被人亲吻的晕头转向的元濯触电般在陆昭怀里微微一颤,侧过脸的的瞬间,余光里瞥见了那已经僵成雕塑的火红色身影。
话说赵延川不愧是见识过大场面的,在看见元濯僵硬的动作时,就眼疾手快的一把捂住了元瀟瞪得像是铜铃样的双眼。
甚至还非常不经意的掩耳盗铃道:“汤圆儿啊,这灯是不是坏了?我怎么什么都看不见呢?”
拋去他紧张到有些沙哑的声音,这句话看似非常有说服力。
回应他的,是满屋子令人无措的寂静。
不知过了多久,元濯脸色惨白的一步步走到始终没有开口的元瀟身边,抬手將赵延川的大掌拿下。
“你~”
他努力的咽下心中的焦躁和恐惧,儘量用最平常的声音故作轻鬆道:“你回来啦,晚上开心吗?”
此刻元瀟的眼珠子才微微转动,將视线聚焦到面前的人身上:“开心啊,哥哥。”
她给了几人一个僵硬的微笑,然后动作迟缓的回到了自己房间。
元濯在她身后,儘管心里有无数问题想要问出,有许多话语想要解释,可看著她的背影,那些话语都被內心的恐惧堵在了喉咙里。
万一~万一他真的从元瀟口里听见~~听见变態、听见伤风败俗、听见~
当年父亲骂他的话,一字一句全部印刻在他的心底,成为他难以释怀的伤痛。
於是,他只能无力的看著元瀟的身影消失在转角处,而那些过往的刻意隱瞒,终於在此刻,大白於他仅剩的一位至亲眼前。
“元儿~你別担心,好好跟汤圆儿聊聊,她和你父母不一样。”
赵延川神色复杂的看向好友,绞尽脑汁想要安慰他,可最终却特別脑残的说道:“她连鯡鱼罐头都能接受,还有什么接受不了的?”
话落,不自觉的就想起,自己出於鯡鱼罐头的猎奇心理,特意买了两盒,然后给元瀟吹嘘了一番鯡鱼罐头的各种神奇功效,成功將人哄骗至花园,一人一罐头。

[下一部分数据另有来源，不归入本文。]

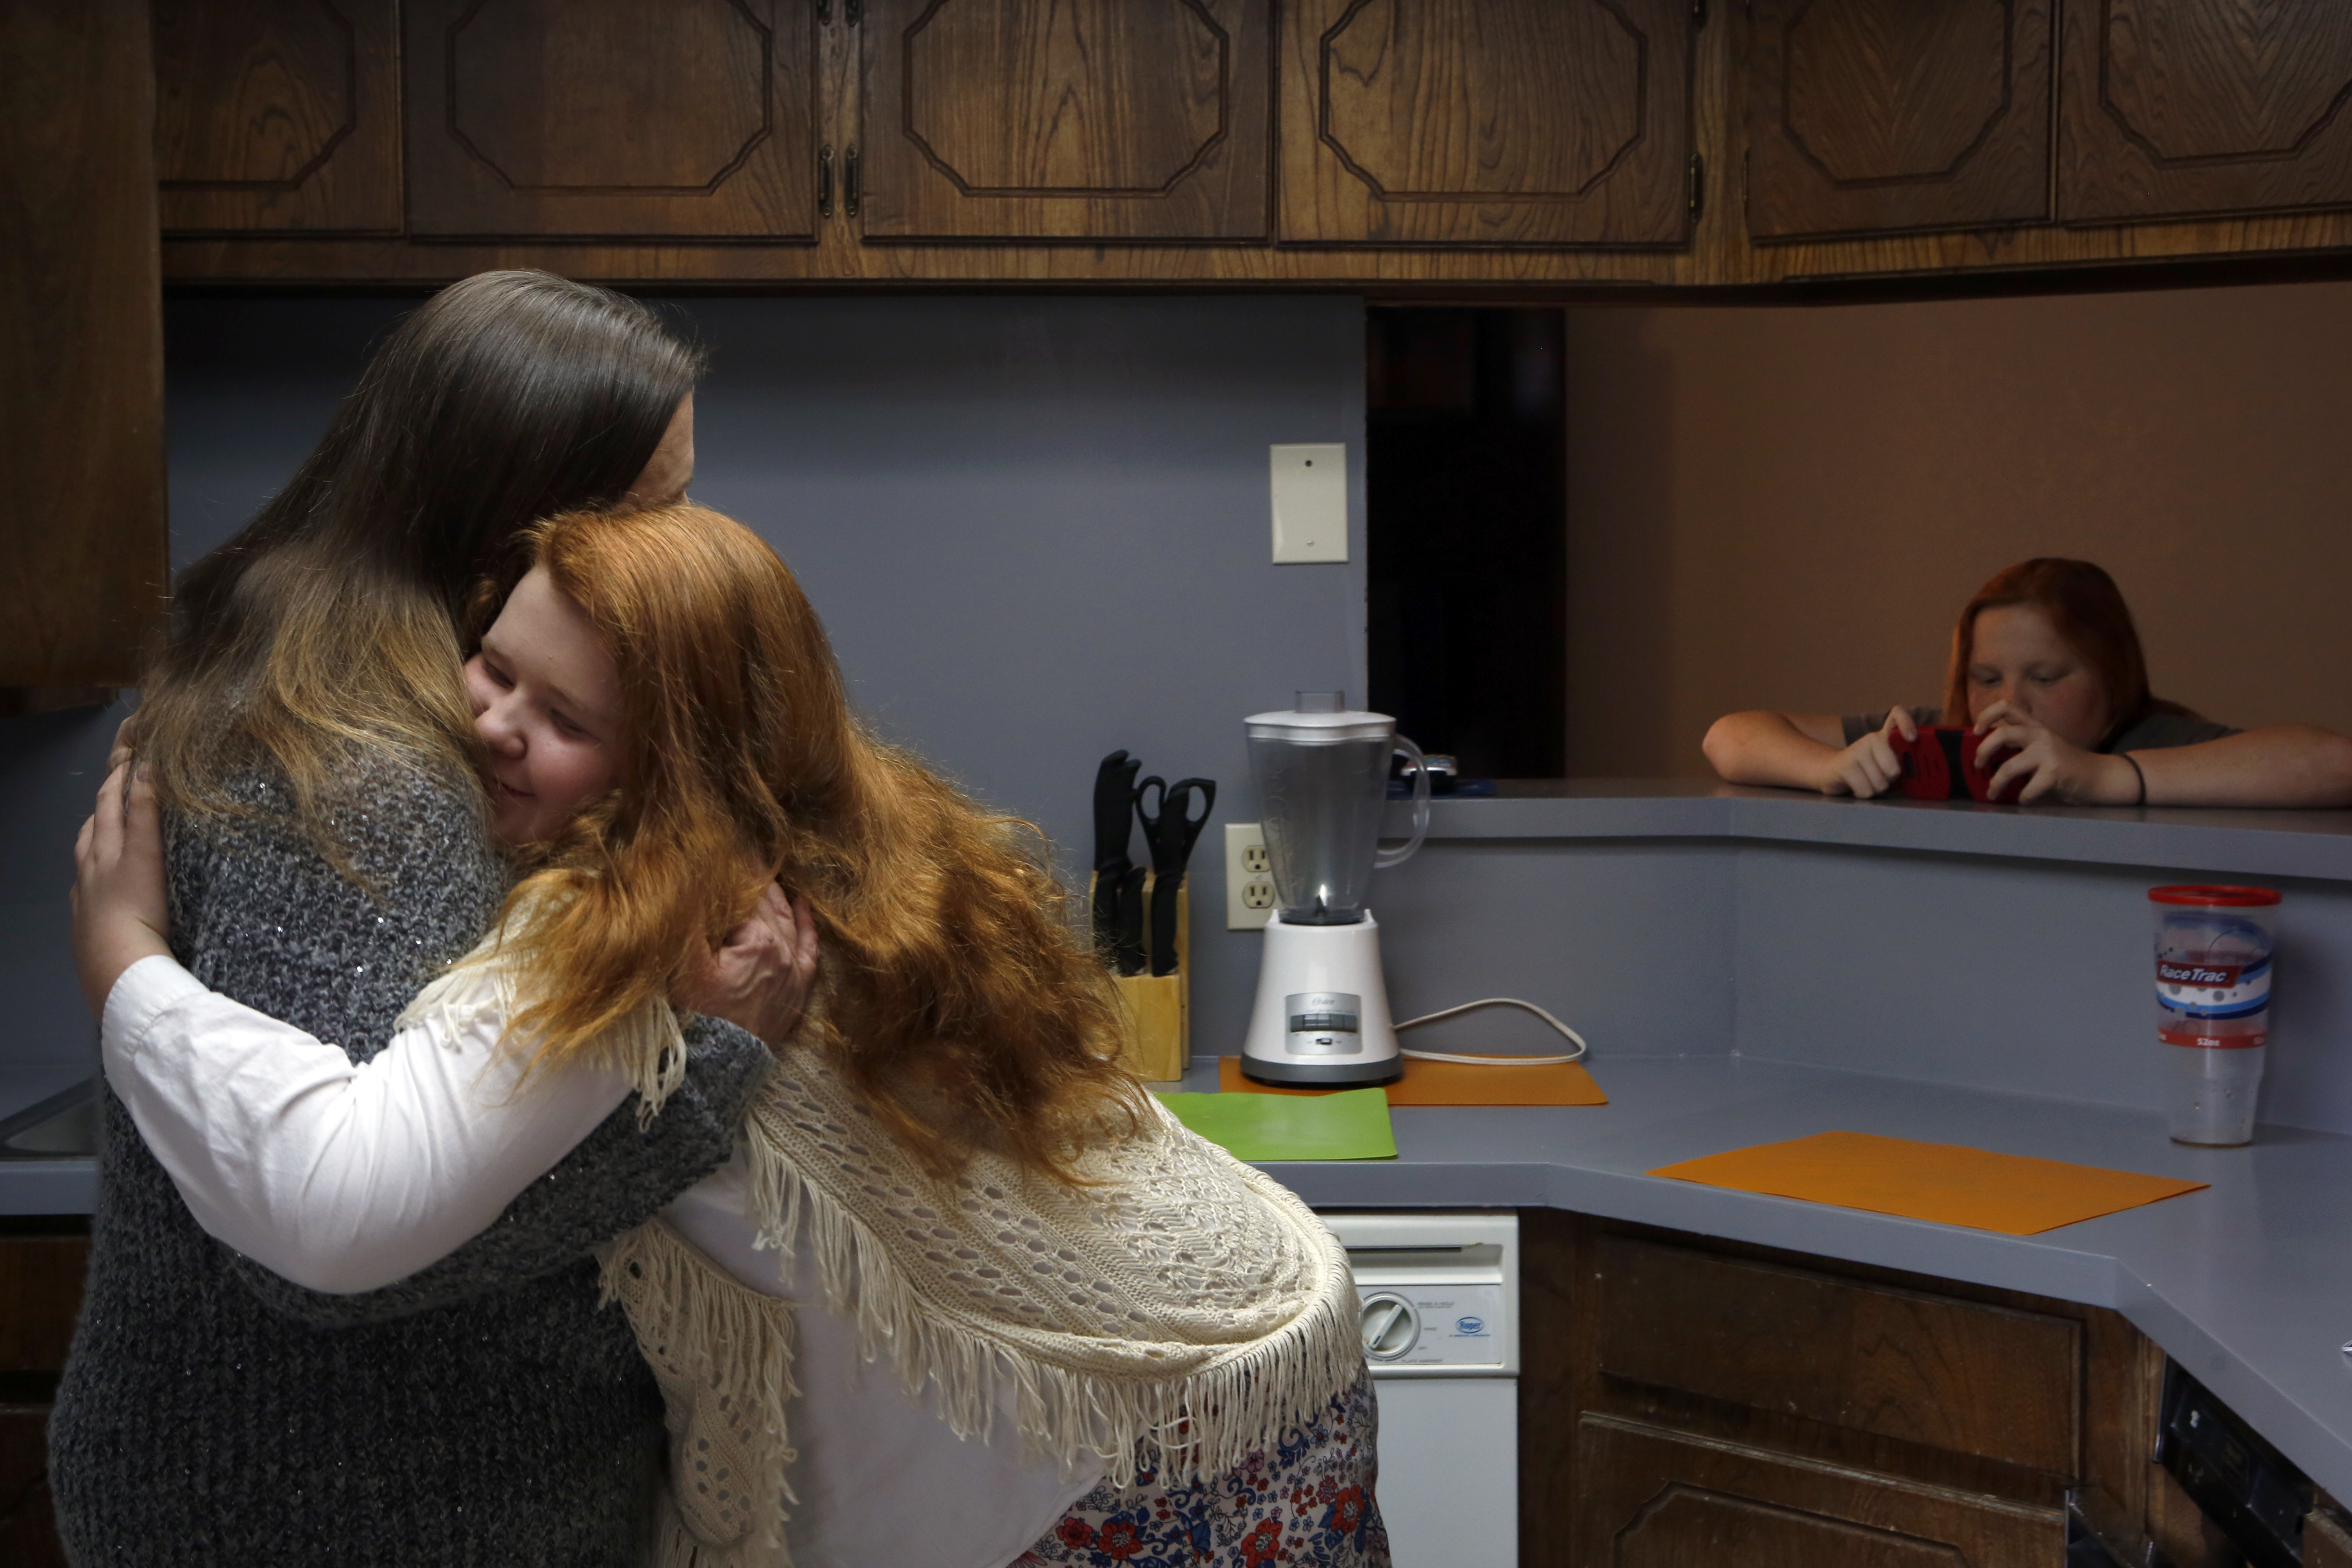 After three years staying in motels, the Rosenheim family just moved into a three-bedroom home where each child has their own bed. In the kitchen, Belinda gives her daughter Allison (14) a hug and Tony looks at his phone. (photo copyright Lara Solt)

他刚打开就没忍住跑去卫生间吐了一趟,等再回到花园时,就见元瀟木著一张脸,面无表情的把那威力堪比便秘了半个月的粑粑的鯡鱼,一小块,一小块的放进嘴里,细细品味。
“不是,你是闻不见它的味道吗?”
当时已经吃了一小半的元瀟回味了一下,刚要开口就发出一声振聋发聵的:“呕~”
光是想想那画面,即使是再悲伤的事情,赵延川都能不合时宜的笑出声。
陆昭看了眼神经兮兮的人,无声的握住了爱人的手,试图给与他一些安慰:“没关係,她迟早是要知道的不是吗?”
元濯脸色惨白的看向他:“是,我知道咱俩的关係不能瞒她一辈子,这样对你不公平。”
可不该是用这种方式,太~太不体面了。
他安抚的冲陆昭笑笑,隨后手下微微用力挣脱,独自一人走上楼梯:“今晚让我一个人冷静一下好吗?”
陆昭再楼梯下仰视著元濯单薄的身形消失,隨后迁怒般看向赵延川:“宴会不是十点半结束吗,你就不能尊重一下举办方吗?”
赵延川:微笑只是我的保护色
“我靠,你在这发什么疯?我特么哪里知道你已经饥渴难耐到拉著人在客厅激吻?”
“不是,你俩多走两步回房间不成吗?是床不够大,还是你已经快到来不及回房间了?”
针锋相对的俩人对视一眼,然后互不相让的各自离去。
回到房间的元瀟,茫然的四下打量了一番,接著迟缓的靠著床脚坐在了地毯上。
之前一直縈绕在心头所有的困惑,一下子都有了解释。
为什么哥哥对她始终像是隔了一层,为什么他对待陆昭那么亲昵,为什么明明陆昭和自己都犯了错,他只叫自己改,却代替陆昭道歉。
还有,为什么陆昭那么討厌自己~
这一切的一切,她都明白了。
因为哥哥和陆昭才是一家人,而她是真正意义上的外人,是突然闯入的冒昧者,是~是爹妈丟给哥哥的拖油瓶。
怪不得陆昭不喜欢自己,她以前听村口的大妈们说閒话,邻村有个姑娘爹妈没了,她跟著哥哥嫂嫂过。